En Mains Propres
"Un évier dans des toilettes publiques. Des chaussures mal alignées. Une poubelle à cartons. Certaines minutes. Dans tout ce banal se jouent des tragi-comédies. C’est l’histoire d’un homme qui a des TOCs. C’est le récit d’une vie empêchée, d’un corps prisonnier. Mais c’est aussi le recul pour mieux en rire. Vraie-fausse conférence qui s’arrête parfois le temps de quelques gestes et où s’invitent une galerie de personnages, « En Mains Propres » invite à une plongée dans ce trouble."
Visuels : Camille Gaume.
Photos : Julien Bougot.
Note d'intention :
Atteint de troubles obsessionnels compulsifs depuis mon adolescence, c’est évidemment ma propre histoire qui m’a mené à ce spectacle.

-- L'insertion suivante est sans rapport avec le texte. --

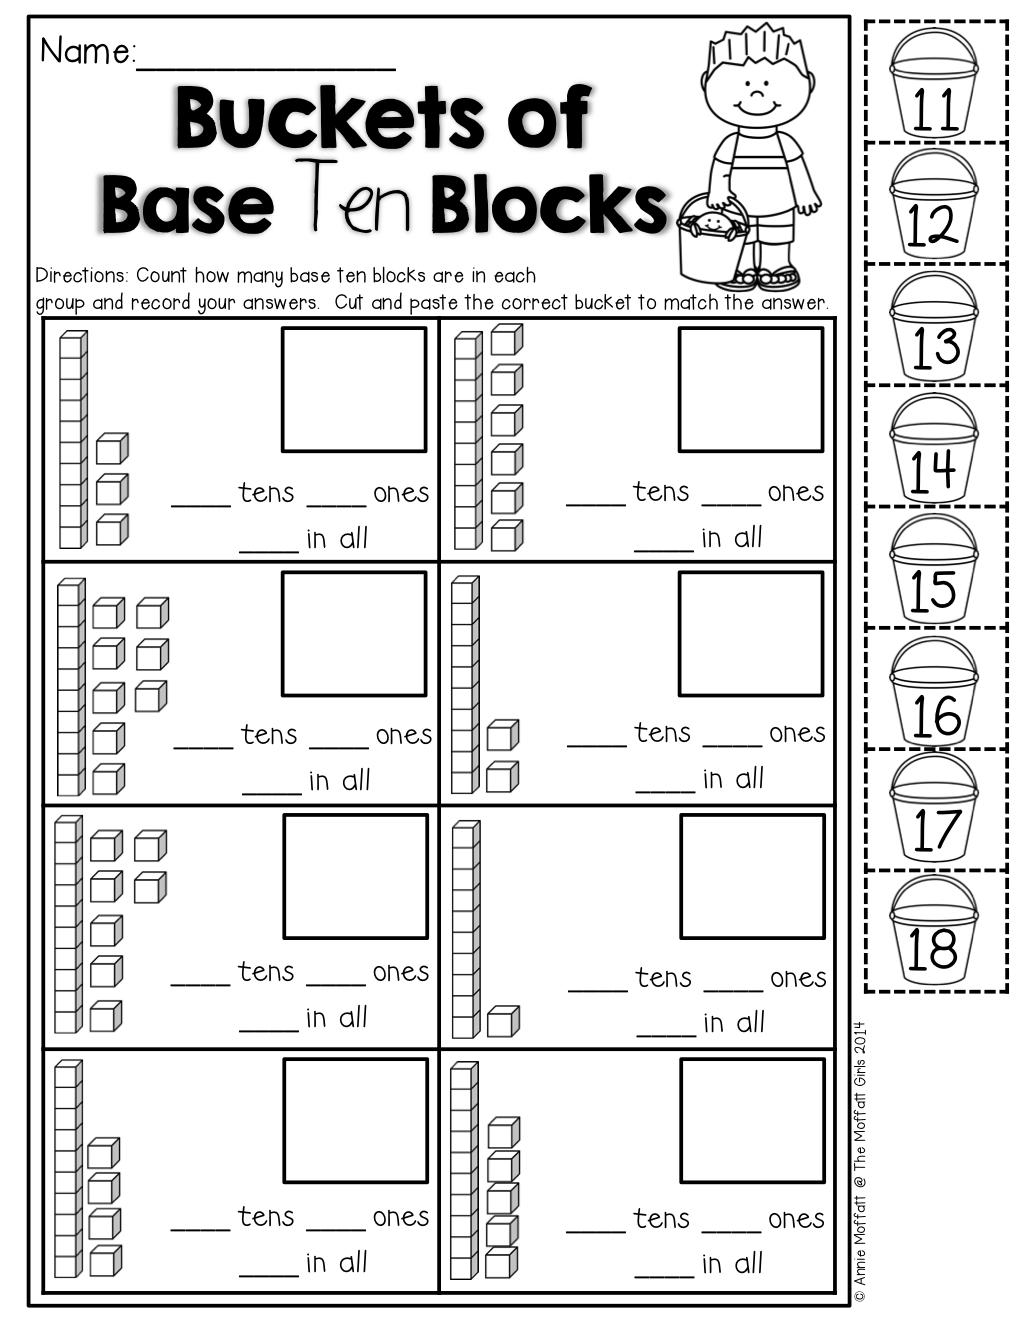 small resolution of https://dubaikhalifas.com/first-grade-math-worksheets-base-10-blocks-k5-learning/

Ne disposant pas d’une expertise suffisante et conscient qu’une œuvre artistique n’est pas un exposé, il me fallait nécessairement passer par mon propre témoignage pour parler des TOCs en général. Deux écueils se présentaient donc, le voyeurisme et l’académisme. J’ai taché de les éviter pour construire un discours véritablement artistique sur le sujet, aussi informatif que sensible. Le travail avec un metteur en scène extérieur s’est imposé comme une évidence pour une question aussi intime, afin de prendre le recul nécessaire et ne pas rester dans un « entre-moi ».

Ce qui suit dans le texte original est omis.